Inspection and notifications to LGD:
1.
Inspection:
a.
The town and its consultants may enter and inspect any property subject to these regulations at reasonable hours for the purpose of determining whether the development is in violation of the provisions of these regulations. The town's inspectors shall be equipped with appropriate personal protective equipment.
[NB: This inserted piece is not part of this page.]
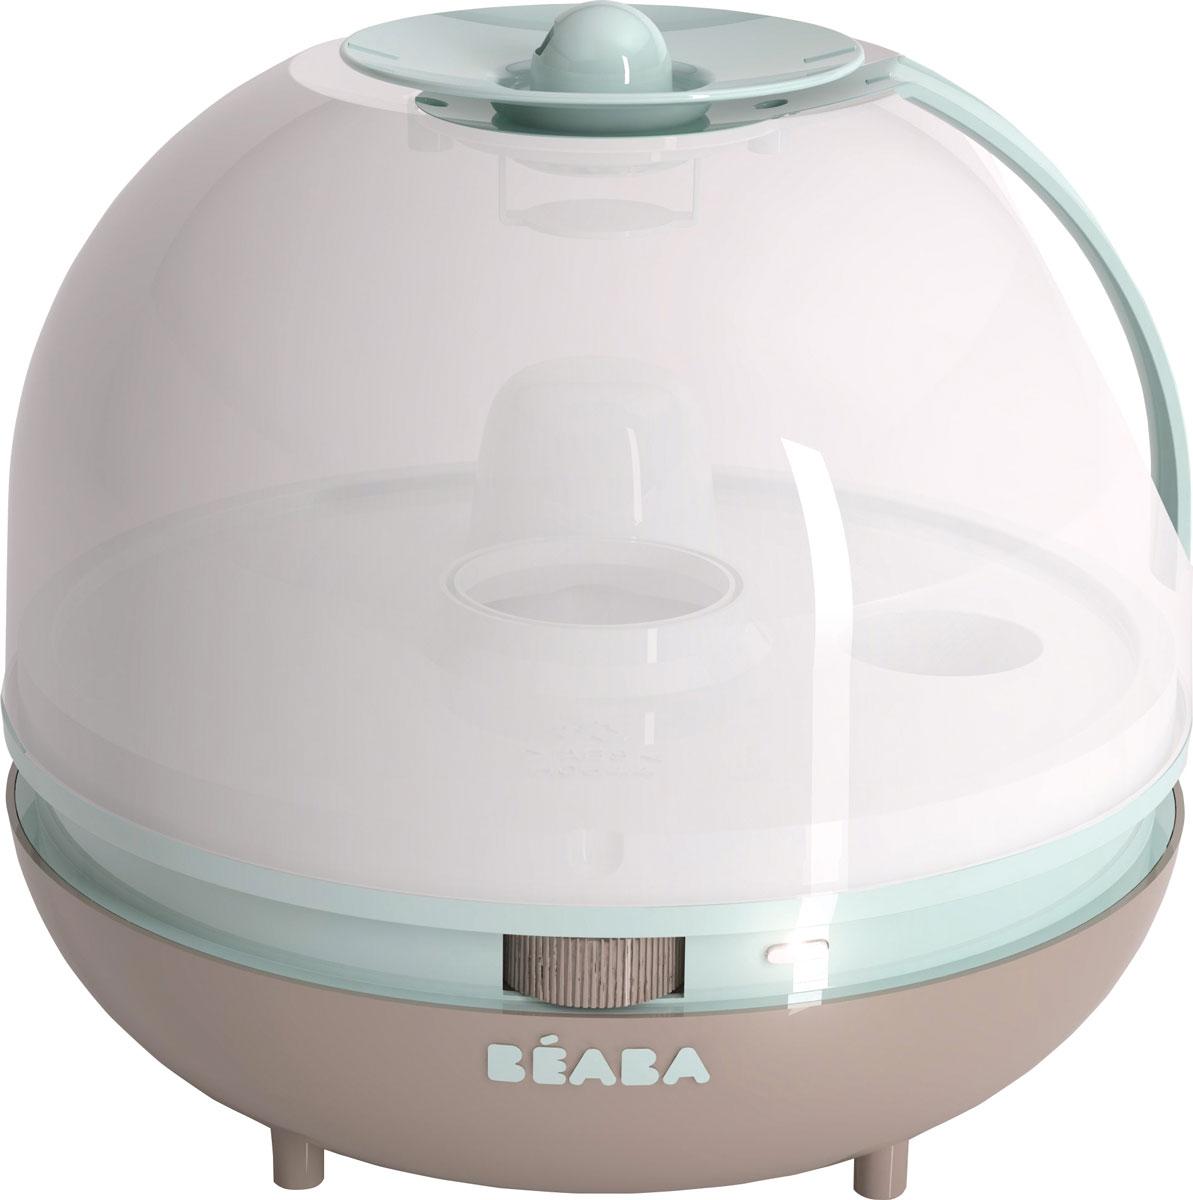 Beaba Увлажнитель воздуха Silenso Humidifer

The town will attempt to provide reasonable notice of inspections but reserves the right to conduct unannounced inspections.
b.
Upon request the operator shall make available to the town all records required to be maintained by the following agencies: the Colorado Department of Public Health and Environment (CDPHE), including permits, Air Pollutant Emission Notices (APENs) and other documents required to be maintained by CDPHE; the Colorado Oil and Gas Conservation Commission (COGCC); the Colorado Public Utilities Commission (PUC); the Occupational Safety and Health Administration (OSHA); and the Pipeline and Hazardous Materials Safety Administration (PHMSA).
2.
Notifications to LGD: Operators shall provide the following notices to the town's local government designee ("LGD"):
a.
Removal of any tank or other equipment at least ten days prior to removal.
b.
Thirty day prior notice of all activities associated with plugging and abandonment of well(s).
c.
Thirty day notice post-plugging and abandonment of well(s) accompanied by photograph of welded cap on well with API number of well, plaque, and GPS coordinates of well(s).
d.
Thirty days prior notice of planned maintenance activities and workover activities.
e.
Thirty days post notice of maintenance activities taken in response to emergencies.
f.
Any other notices required by these rules.
E.
Judicial review: Any action seeking judicial review of a final decision of the town council shall be initiated within 30 days after the decision is made, pursuant to Rule 106 of the Colorado Rules of Civil Procedure.